I personally understand regular expressions-Lazy matching and regular expression matching
Problem description
Link: http://www.hcoding.com /? P = 130
When you are new to regular expressions, you have a question. For example, you need to match the character between the first pair of "_" in the string "_ abc_123, when I first learned the regular expression, I wrote "/_ \ w * _/". The matching result is "abc_123" instead of "abc". The question mark is added, "/_ \ w *? _/". At this time, the matching result is" abc ".
We know '? 'When used separately, it indicates that the repeat is zero or once, and when '? 'The occurrence following the repeated delimiters serves as a lazy match, that is, matching as few characters as possible. Lazy qualifier description:
- *? : Repeat any time, but as few as possible
- +? : Repeat once or more times, but as few as possible
- ?? : Repeated 0 or 1 times, but as few as possible
- {N, m }? : Repeat n to m times, but as few as possible
- {N ,}? : Repeated more than n times, but as few as possible
Right, "as few duplicates as possible", which is a rough and straightforward explanation of lazy matching.

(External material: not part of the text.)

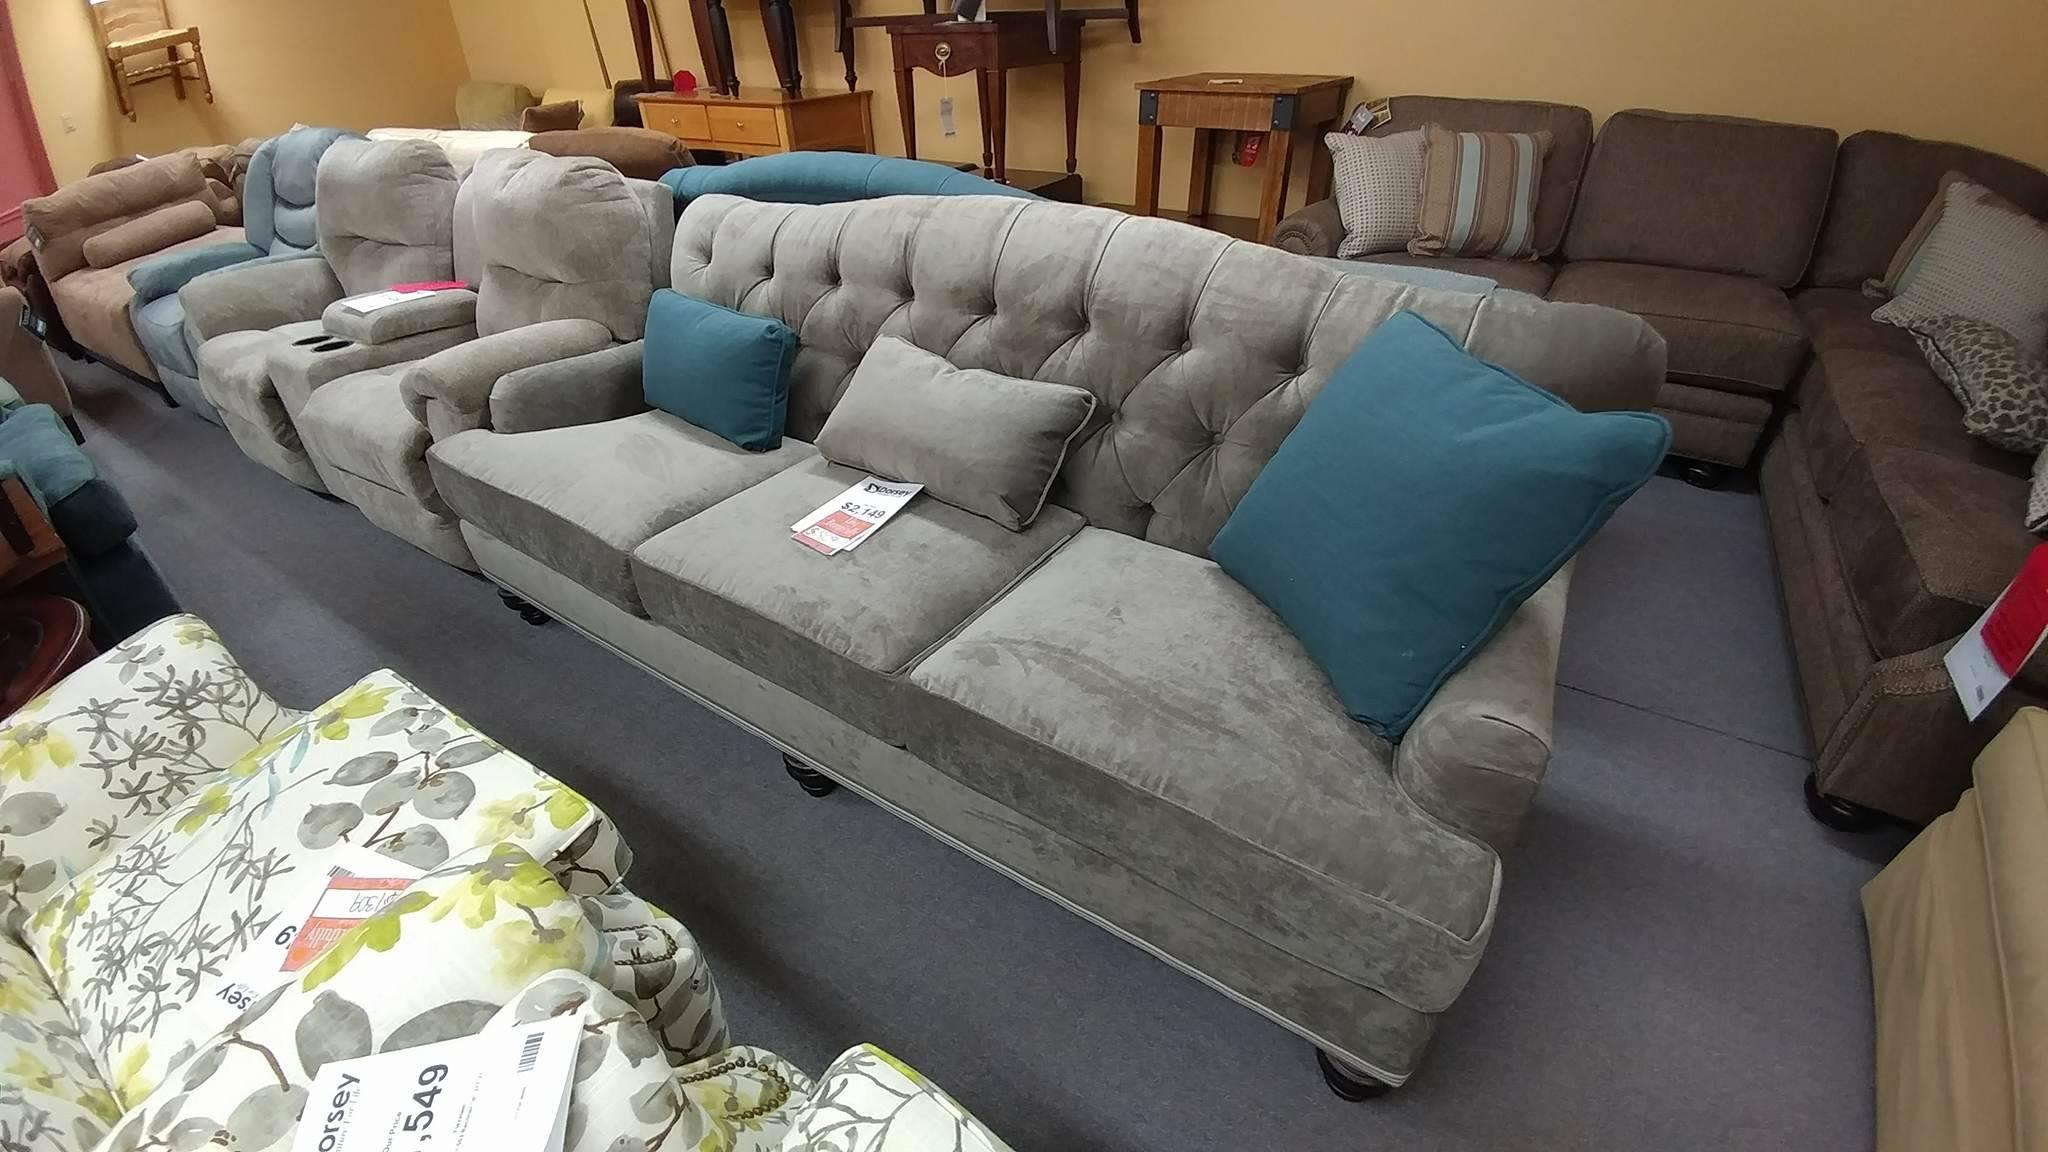 Title: Craftmaster Paula Dean P744950BD Sofa Set. Manufacturer: Craftmaster  Furniture
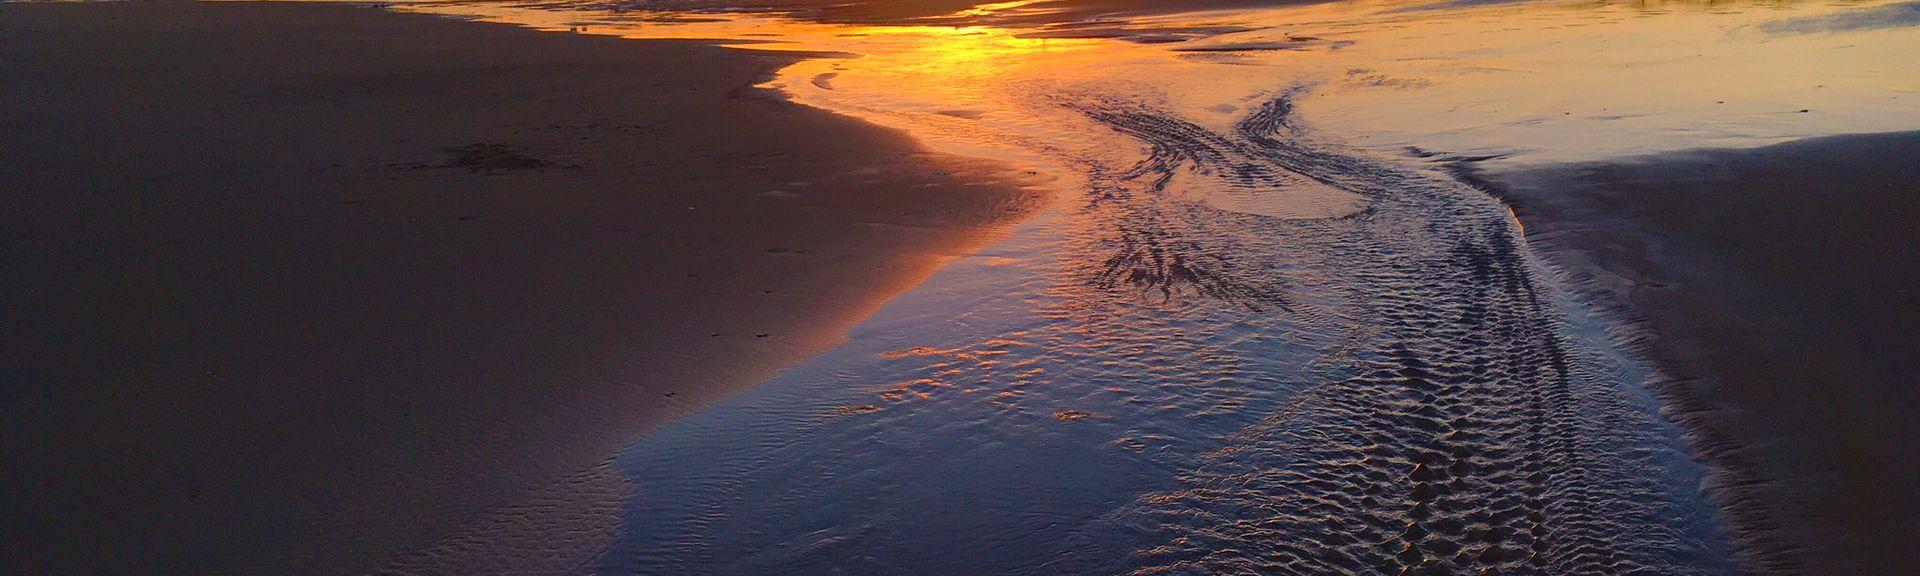 Cabanas Beach, Tavira, Portugal

So how can we get "as few duplicates as possible? We can explain this by ignoring the quantifiers in the regular expression.
Ignore quantifiers
Quantifiers "*? "," +? ","?? "," {N, m }? "," {N ,}? "All are ignored priority quantifiers. Which of the following is used to ignore priority quantifiers? , +, *, {} Are added after? In the format. For example, 'AB ?? If 'Abb 'is matched, 'A' instead of "AB" is obtained ". After the engine matches a successfully, the engine first chooses not to match B because it ignores the priority. Then, it checks the expression and finds that the expression is complete. Then, the engine directly reports that the matching is successful. For more information, see the following example.
Example
Or in the above example, use "/_ \ w *? _/"Matches the character between the first pair" _ "in" _ abc_123.
After the first '_' is matched, '\ w *? 'First, it is determined that no character needs to be matched, because it ignores the priority quantifiers, and then the expression'/_ \ w *?_/'Second'_'(' \ W *? '_') And target string '_A'A' in bc_123 _ 'matches and the matching fails.' \ w * is used only when the matching fails *? 'Try unmatched branches (use \ w to match a, and try to match a successfully)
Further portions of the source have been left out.